Post#345 » by lessthanjake » Sun Aug 31, 2025 12:04 pm

theonlyclutch wrote:
lessthanjake wrote:Yep, they weren’t podcasting and then they realized they need a career after professional basketball in order to keep anything like their current standard of living, and decided to start on that before they were done playing. In a general sense, that’s also what’s going on with a lot of the examples One_and_Done was aiming to reference. Of course, the point isn’t that Draymond and Paul George are truly similarly situated financially to NBA players in the 1960s. I think the bad faith here would be reading my post to be saying that, particularly given the second paragraph of my post. The point is rather that the mere fact of doing other work while playing professional basketball really does not mean that NBA players are *poor*. They made a good living in the 1960s.

No, but it does mean that the more marginal players (I. E most of them) aren't working hard to stay in the league, or get in the league, because of vastly lower opportunity costs if they have to go back out to another career, and that sort of competition (or lack thereof) trickles upwards.

lessthanjake wrote:The person I was responding to has repeatedly used data about average salaries in that era compared to today. We might prefer data on the median or different percentiles, but I am not aware of any such data, so I can’t exactly use data I am unaware of (and that probably doesn’t even exist).

Also, I do just want to note that we really aren’t exactly interested here in the incentives of the median NBA player or some minimum-salary player. All we really care about for these purposes is what the incentives were for people who would be the very best at basketball, because that’s the only thing that’s really relevant to determining whether lesser incentives would make the guys who were the best in that era not be the best in an era with more incentive to play professional basketball. Of course, as I’ve posted in this thread already, the very best players may not know beforehand that they are that good, so their incentives may arguably be based on a lesser expectation. But that isn’t necessarily true, since the guys in that era who would be the best pretty much knew they were great when they played in college. And one could say that they might not have played college basketball if professional basketball was less lucrative, but getting a college scholarship was a hefty incentive to play in college either way (more on that later).

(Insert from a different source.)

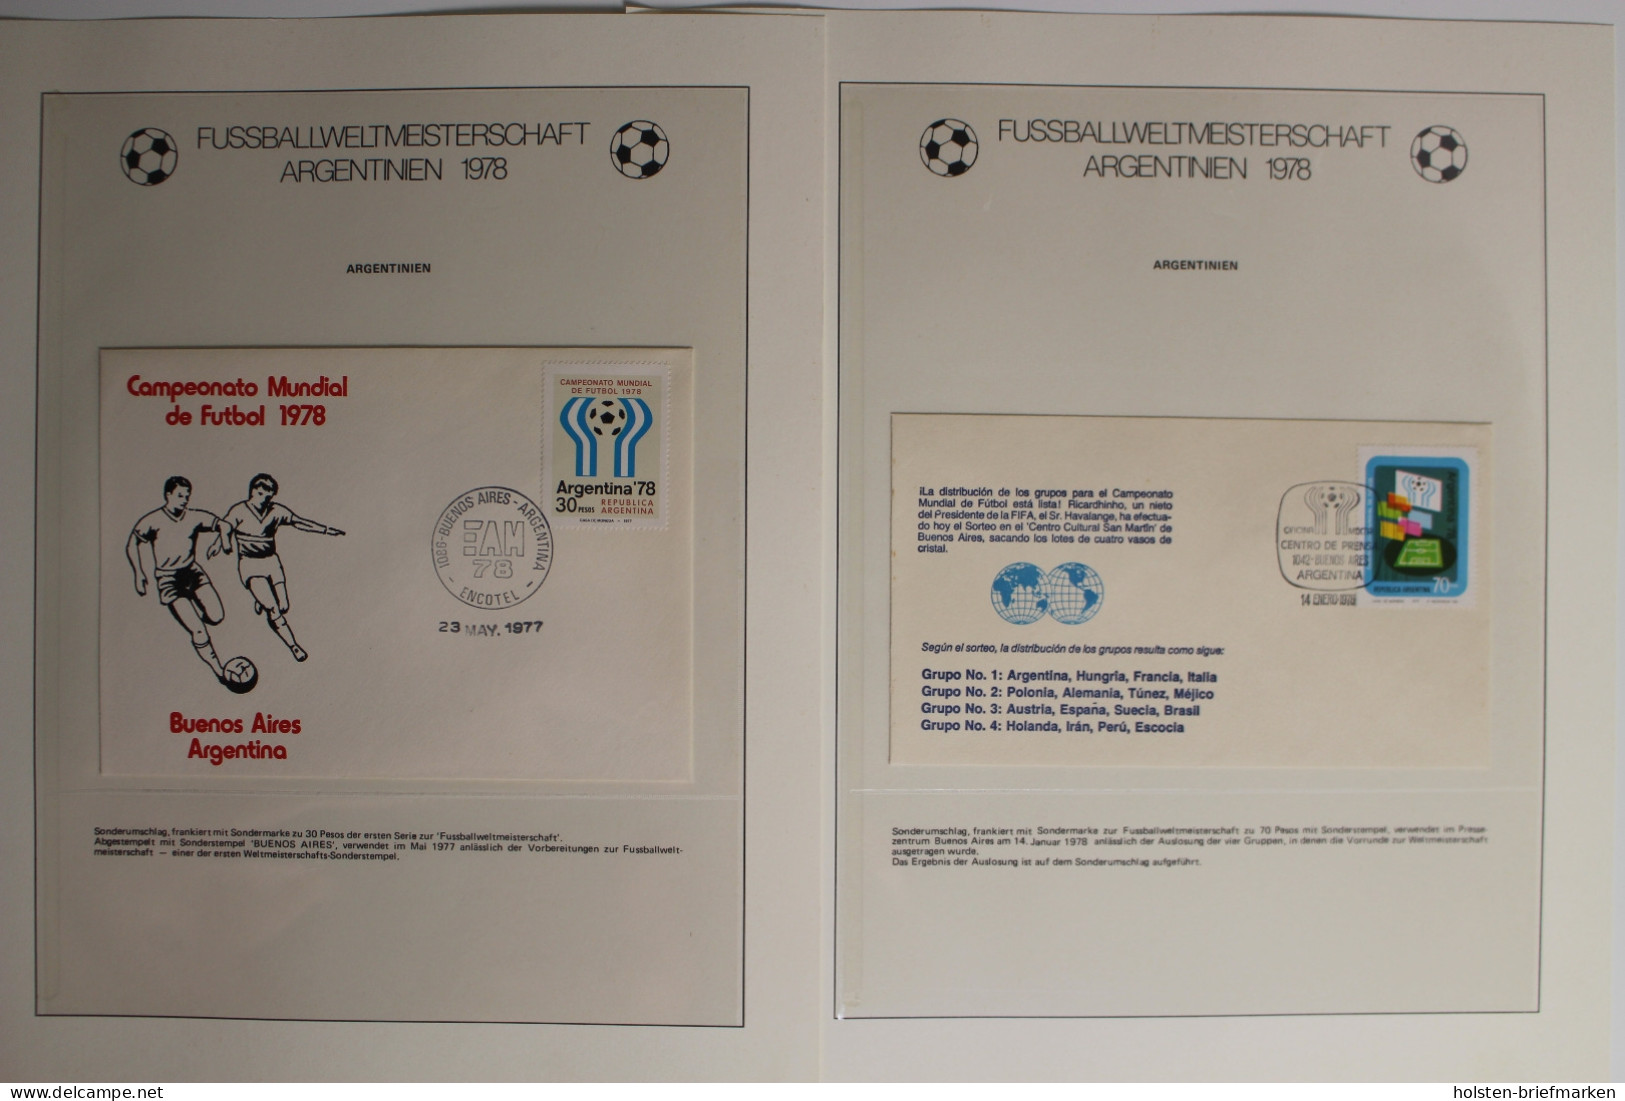 Fussballweltmeisterschaft Argentinien 1978, im Lindner Vordruck

So yeah, it’s a bit complicated but I’m really not sure we care about what the incentives were for minimum-salary guys. If the minimum-salary type of guys were worse because those types of guys weren’t incentivized to play basketball but all the very best people still ended up playing basketball, then the guys who were the best in that era shouldn’t be downplayed as if there might have been guys who were better than them that simply didn’t play basketball. Of course, “all the very best people still ended up playing basketball” is not necessarily right (in fact, my guess is that it isn’t quite right—as I mentioned in the post you’ve quoted), but the higher-end salaries are probably the more important factor to assessing to what degree we think that was true.

NBA role players are still some of the very best players at playing basketball, and provide the competition/support that stars needed.

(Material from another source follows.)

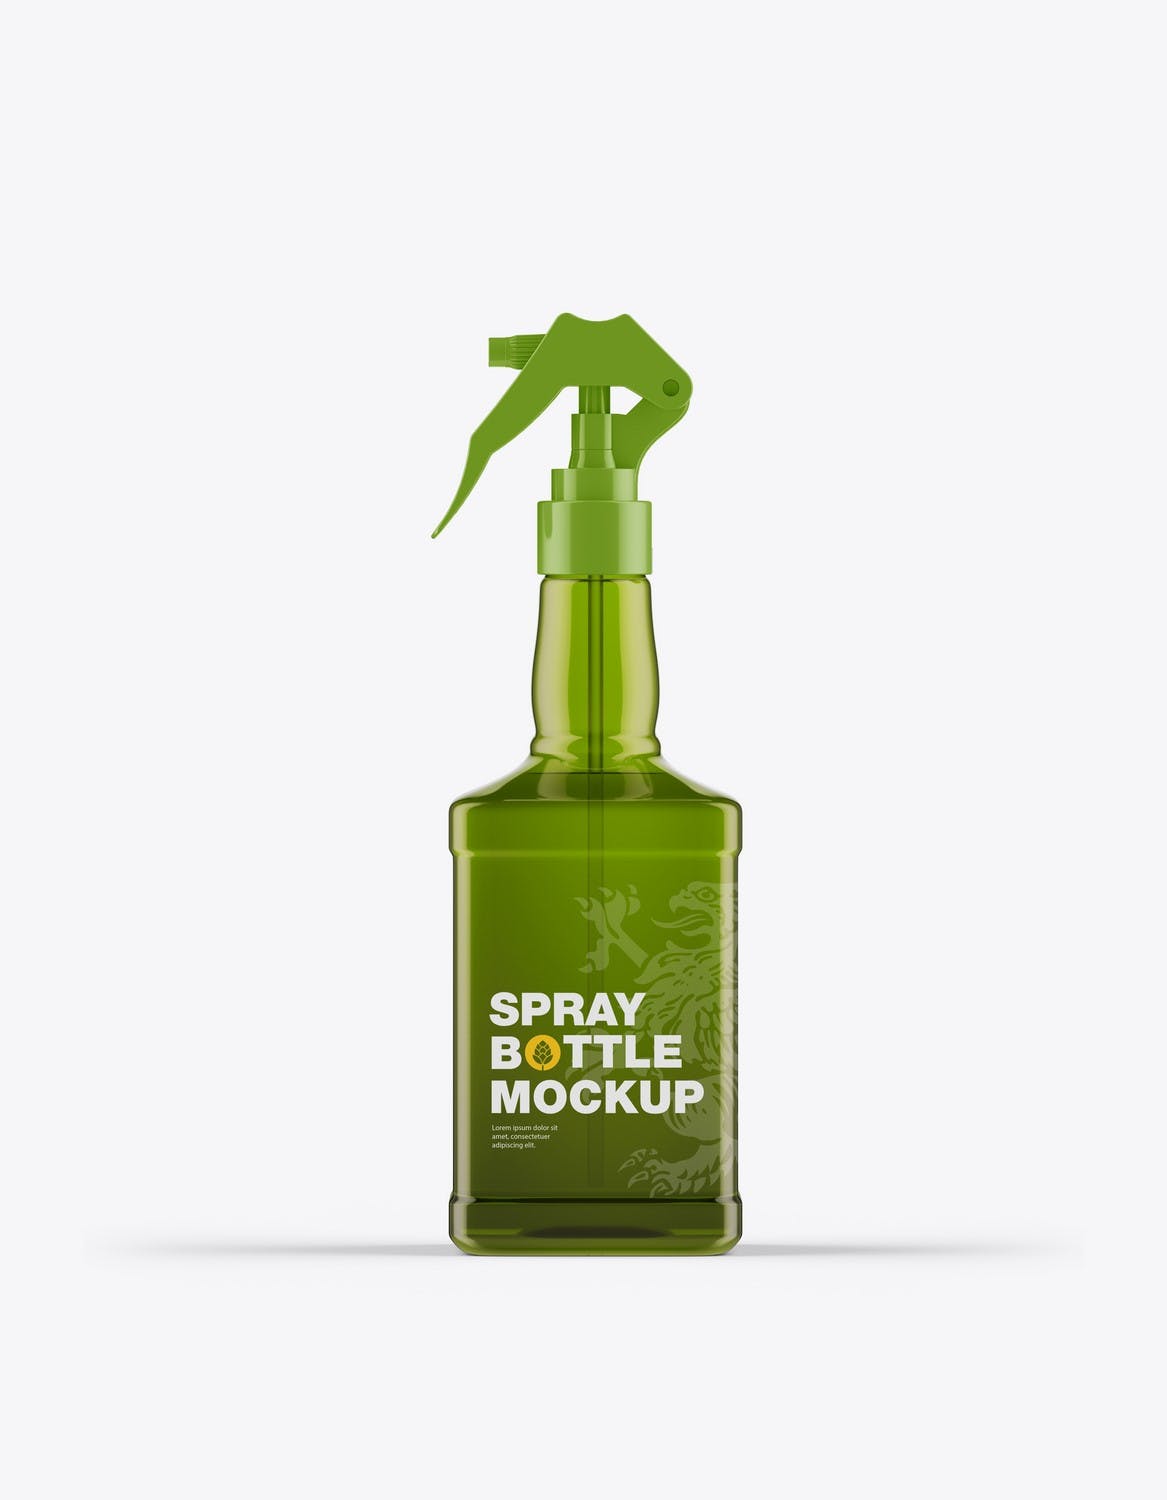 玻璃喷雾瓶包装设计样机 Pack Glass Spray Bottles Mockup 样机素材 第4张

It's like arguing the current NBA would take no dip in quality if everyone from the 7th man onwards made 100k and were driving ubers/moonlighting for Meta in the offseason instead of focusing on their games to stay on the gravy train.

lessthanjake wrote:
NBA first set a rookie minimum of $10,000 during the '68-69 season, with vets getting $12.5k, this is against U.S median household income of c. 9.2k USD. https://www.apbr.org/labor.html#:~:text=Prior%20to%20the%201968%2D69%20season%2C%20the%20union,$12%2C500%20in%201968%2D69%20and%20$13%2C500%20in%201969%2D70.


I think you’re not really internalizing that these numbers are *very* consistent with my post. Let’s remember that the people playing basketball are in their 20s, and often not from very privileged backgrounds. If the *minimum* that these young guys would make is above the overall median household income (which is made up of data points that predominantly include incomes of much older people, as well as some multi-income households even back then), that’s extremely likely to be substantially higher than anything they could otherwise get.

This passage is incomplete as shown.